Outro dado que deixa o mercado de olhos arregalados é a lucratividade do Alibaba. A empresa faturou 8 bilhões de dólares em 2013, dos quais 3,6 bilhões foram lucro líquido. O Alibaba é apenas um intermediário, e a receita vem das comissões e dos anúncios pagos pelos vendedores.
Com essas margens de lucro e um crescimento anual médio de 27% ao ano no e-commerce chinês, de acordo com a consultoria chinesa iResearch, não é surpreendente o interesse despertado pela abertura do capital da empresa. E quem entrou no negócio cedo agora terá a chance de sair com um bom dinheiro.
Em 2005, o Yahoo! pagou 1 bilhão de dólares por 40% da empresa. Hoje, o Yahoo! tem 24% das ações do Alibaba, participação que pode vir a valer 50 bilhões de dólares (caso o valor de mercado do Alibaba atinja 200 bilhões).
Com um negócio que está patinando há vários anos, o Yahoo! deverá ser um dos grandes beneficiados do IPO.
Já o próprio Alibaba deverá usar o capital levantado no IPO para crescer de forma ainda mais agressiva na China, foco de seu negócio. Nem sequer metade da população está online — ou seja, uma massa potencial de 600 milhões de consumidores ainda segue inexplorada.
A dominância do grupo Alibaba é tão grande que a empresa não precisa usar anúncios em sites de busca, como Google e Baidu, o líder local. A presença no sistema de pagamento via celular, uma intersecção-chave entre o comércio eletrônico e o varejo tradicional, também é uma vantagem estratégica.

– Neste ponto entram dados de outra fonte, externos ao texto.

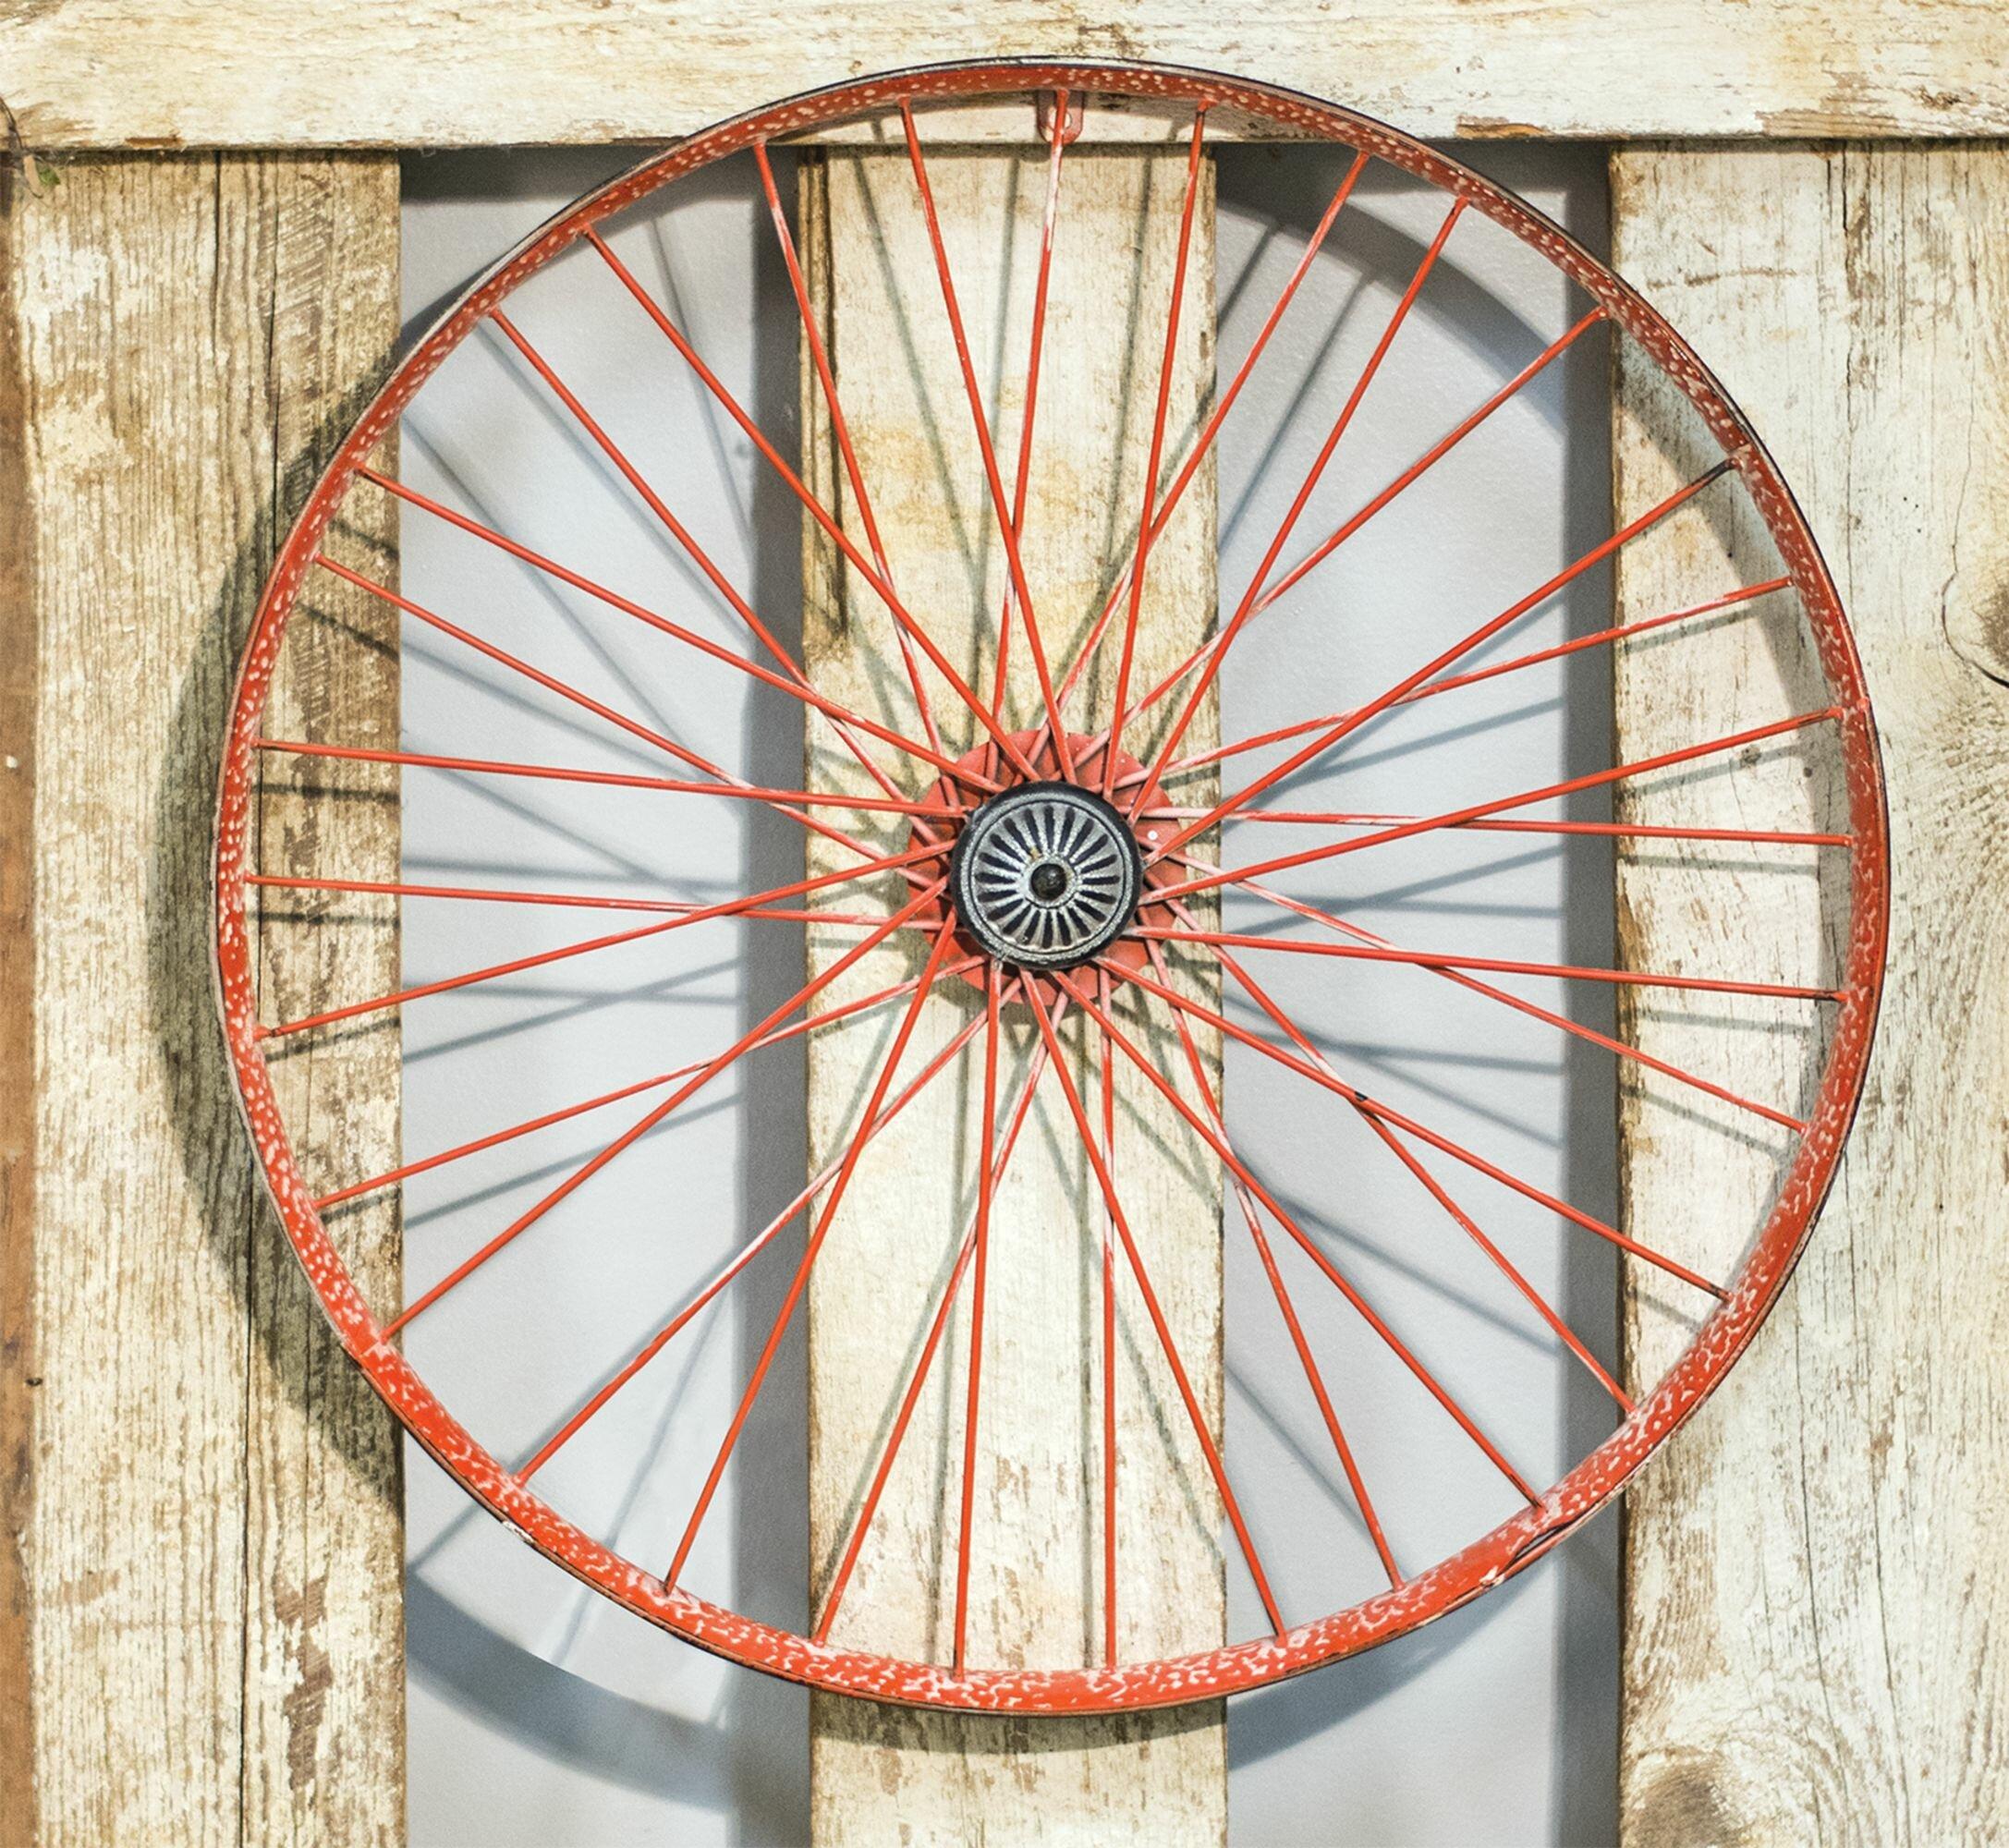 Williston Forge Metal Wagon Wheel Wall Decor Reviews Wayfair

O Alibaba “poderá ser uma das empresas mais valiosas do mundo em cinco anos, com vendas de mais de 1 trilhão de dólares por suas plataformas a cada ano”, diz Gordon Orr, da consultoria McKinsey. Pode ser algo arriscado — mas, se Jack Ma e o Alibaba entregarem o que estão prometendo, os investidores internacionais que comprarem ações no IPO farão um verdadeiro negócio da China.